如上,发现没有匹配到相应的标签选择器。,不满足选择器,pod置于pending状态中。
现在绑定标签选择器
nodeselect条件不满足,预选过程就不通过。可以手动给node打上标签,即可运行。
[root@k8s-master schedule]# kubectl get no -l disktype=ssd
No resources found.
[root@k8s-master schedule]# kubectl label node k8s-node1 disktype=ssd
node/k8s-node1 labeled
[root@k8s-master schedule]# kubectl get no -l disktype=ssd
NAME STATUS ROLES AGE VERSION
k8s-node1 Ready <none> 6d22h v1.14.3
[root@k8s-master schedule]# kubectl get pod/pod-demo
NAME READY STATUS RESTARTS AGE
pod-demo 1/1 Running 0 3m46s
如下,匹配到相应的标签选择器,pod正常运行。
配置node节点亲和性:硬亲和性require,软亲和性preference
配置硬亲和性操作
[root@master schedule]# vim pod-affinity-demo.yaml
[root@k8s-master schedule]# cat pod-affinity-demo.yaml
[root@k8s-master schedule]# cat pod-affinity-demo.yaml
apiVersion: v1
kind: Pod
metadata:
name: pod-affinity-demo
namespace: default
labels:
app: myapp
tier: frontend
spec:
containers:
- image: ikubernetes/myapp:v1
name: myapp
affinity:
nodeAffinity:
requiredDuringSchedulingIgnoredDuringExecution:
nodeSelectorTerms:
- matchExpressions:
- key: zone
operator: In
values:
- foo
- bar
[root@k8s-master schedule]# kubectl create -f pod-affinity-demo.yaml
[root@k8s-master schedule]# kubectl get pod/pod-affinity-demo --show-labels
NAME READY STATUS RESTARTS AGE LABELS
pod-affinity-demo 0/1 Pending 0 54s app=myapp,tier=frontend
[root@k8s-master schedule]# kubectl describe pod/pod-affinity-demo # 硬亲和性,没有匹配到标签、、、
软亲和性
修改一下,调整为软亲和性,系统会勉为其难的选择node节点部署pod。
[root@k8s-master schedule]# cat pod-affinity-demo-2.yaml
apiVersion: v1
kind: Pod
metadata:
name: pod-affinity-demo2
namespace: default
labels:
app: myapp
tier: frontend
spec:
containers:
- image: ikubernetes/myapp:v1
name: myapp
affinity:
nodeAffinity:
preferredDuringSchedulingIgnoredDuringExecution:
- preference:
matchExpressions:
- key: zone
operator: In
values:
- foo
- bar
weight: 60
[root@k8s-master schedule]# kubectl create -f pod-affinity-demo-2.yaml
pod/pod-affinity-demo2 created
[root@k8s-master schedule]# kubectl get pod/pod-affinity-demo2 --show-labels
NAME READY STATUS RESTARTS AGE LABELS
pod-affinity-demo2 1/1 Running 0 29s app=myapp,tier=frontend
如上,自行完成了node亲和度调度,软亲和度下,不匹配也是可以运行的。
Pod自身亲和度调度
pod一样也有硬亲和性和软亲和性,通过ndoe亲和性来定义pod亲和性。
Pod亲和性不需要在同一个node,在相近位置就行。
以node名称为标准,不同节点在不同位置。如下,新增pod在上面两个node有亲和性。

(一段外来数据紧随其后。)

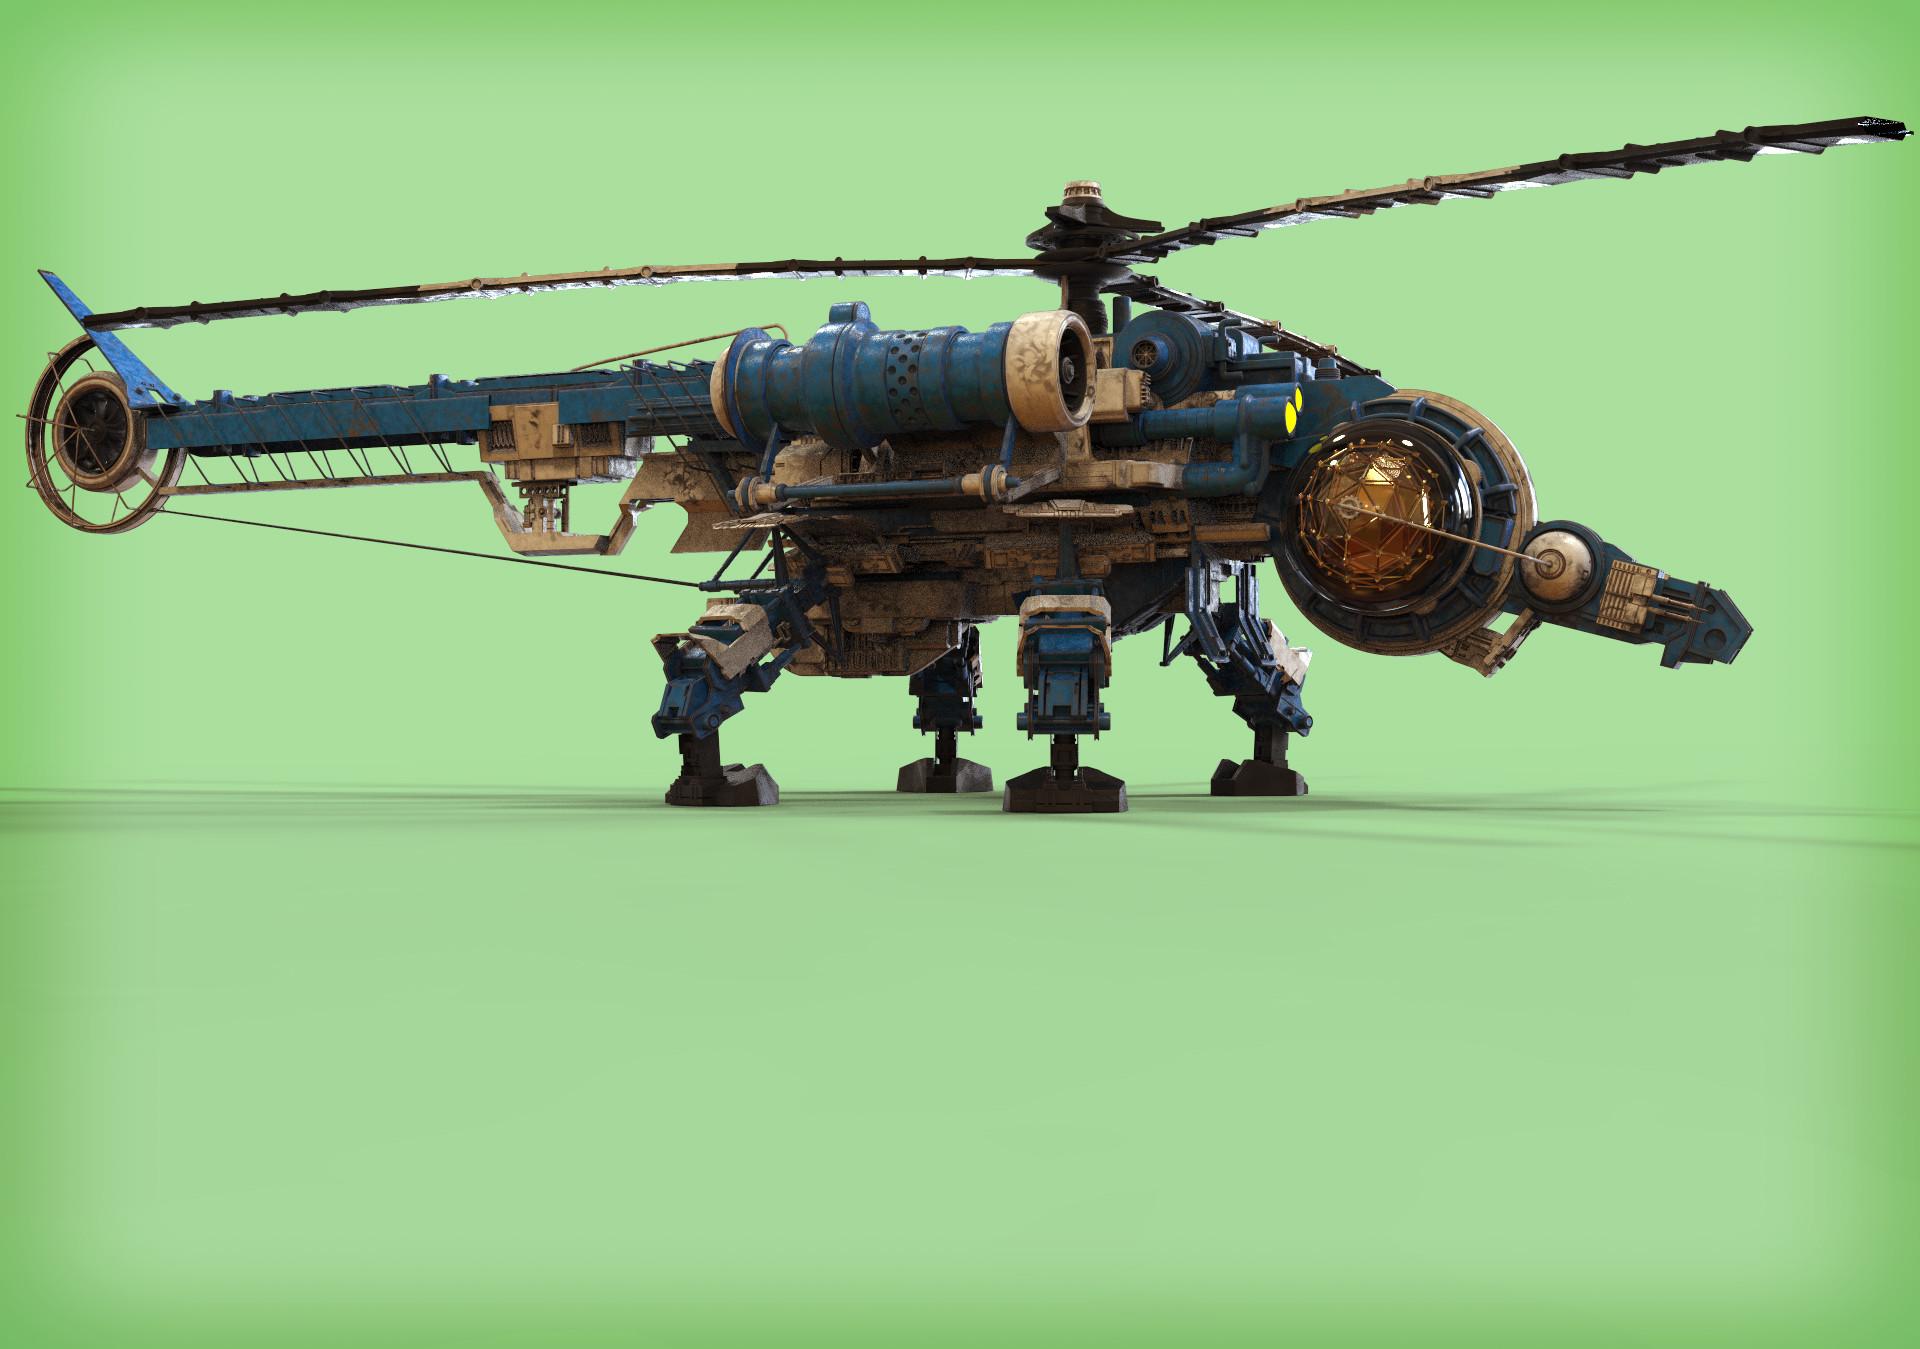 Ben nicholas bughelicopter 07

第1个节点,那么扩容的2-4号节点,是否能运行与第一个pod一致。
机架rack,排数row
下面以2个pod作为演示验证亲和性
[root@k8s-master schedule]# cat pod-required-affinity-demo.yaml
apiVersion: v1
kind: Pod
metadata:
name: pod-first
labels:
app: myapp
tier: frontend
spec:
containers:
- image: ikubernetes/myapp:v1
name: myapp
---
apiVersion: v1
kind: Pod
metadata:
name: pod-second
labels:
app: db
tier: db
spec:
containers:
- name: busybox
image: busybox:latest
imagePullPolicy: IfNotPresent
command: ["/bin/sh","-c","sleep 3600"]
affinity:
podAffinity:
requiredDuringSchedulingIgnoredDuringExecution:
- labelSelector:
matchExpressions:
- {key: app, operator: In, values: ["myapp"]}
topologyKey: kubernetes.io/hostname
[root@k8s-master schedule]# kubectl create -f pod-required-affinity-demo.yaml
pod/pod-first created
pod/pod-second created
[root@k8s-master ~]# kubectl get pods -owide
NAME READY STATUS RESTARTS AGE IP NODE NOMINATED NODE READINESS GATES
pod-first 1/1 Running 0 6s 10.244.1.41 k8s-node1 <none> <none>
pod-second 1/1 Running 0 6s 10.244.1.40 k8s-node1 <none> <none>
[root@k8s-master ~]# kubectl describe pods pod-second
其中一个pod在某个节点上,另一个pod相应启动也会在一台机器上。正常来说,k8s默认优选策略是会把pod分布在资源最先的节点上,但是这个做了亲和性,两个必须在一起,要切也得一起切。
反亲和性,
两者一定不能在同一个节点上,分布在不同节点。如下示例。
调整上面示例,为反亲和性
podAffinity--》podAntiAffinity,yaml文件修改。
[root@k8s-master schedule]# kubectl create -f pod-required-anti-affinity-demo.yaml
[root@k8s-master ~]# kubectl get pods -owide # 验证ok,分布在不同地方。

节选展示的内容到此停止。